Former, c’est bien, mais développer le partage des savoirs entre équipiers, inter-service ou unités, c’est encore mieux. Mais comment accélérer cet échange de connaissances ? Comment faire pour que les “grains de savoirs“ passent d’individus à individus, d’entités à entités ? Bref, comment développer les apprentissages informels et fortuits au sein de son entreprise.
Changer les mentalités autour de la formation
Chronologiquement, la première des choses à faire pour favoriser la pollinisation des savoirs est de faire évoluer les mentalités sur la formation. La réforme est un formidable levier pour “déstagifier“ et proposer une nouvelle approche de la formation.
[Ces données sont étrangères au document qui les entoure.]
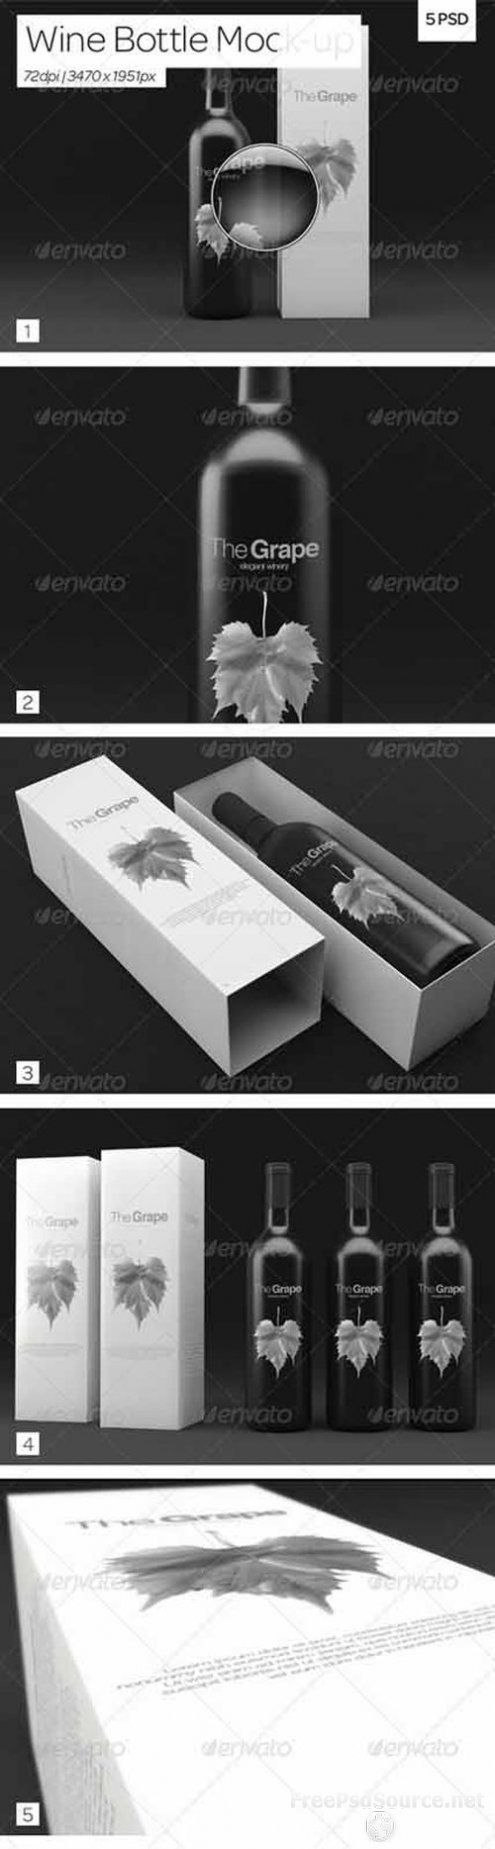 Download Psd Wine Bottle Packaging Mock Up Graphicriver Free Free Download Psd Source Tutorials Vect Wine Bottle Packaging Bottle Packaging Wine Bottle Design

La fin de l’obligation fiscale permet de réhabiliter toutes les formes de formation non imputables (formation-action, “On the job training“, apprentissages collaboratifs…). La politique de formation de l’entreprise doit valoriser le “Former autrement“. Direction générale, managers, apprenants doivent être sensibilisés à la recherche de solution originales de développement plutôt que de se limiter à “1 problème de compétence = 1 stage au catalogue de formation“.
Développer une nouvelle culture managériale
La formation ne peut rien si la culture managériale n’évolue pas. Il ne suffit pas de décreter que l’apprentissage passe par le partage d’expérience, la formation rapprochée ou le réseautage pour que tous les collaborateurs deviennent des passeurs de savoirs et que la pollinisation opère. Encore faut-il que la culture managériale privilégie cette nouvelle approche de la formation.
Les cultures favorables à l’apprentissage sont généralement orientées autour de valeurs et principes bien connues :
- Accepter l’erreur et éviter le carcan de la recherche du “Faire bien dès la première fois“.
- Priviligier l’I.C.T.A (j’Intuite, je Conçois rapidement, je Teste, j’Améliore ou j’Abandonne) au sempiternel P.D.C.A (Plan, Do, Check, Adapt).
- Orienter les énergies autant vers l’apprenance que vers la performance, par exemple en fixant et valorisant des objectifs de développement des compétences au même titre que des objectifs d’activité.
- Développer une culture d’entraide, de partage, de collaboration en rémunérant davantage l’atteinte des objectifs collectifs que les objectifs individuels…
- Détayloriser et aplanir les lignes hiérarchiques afin de favoriser la circultation des connaissances et les démarches créatives.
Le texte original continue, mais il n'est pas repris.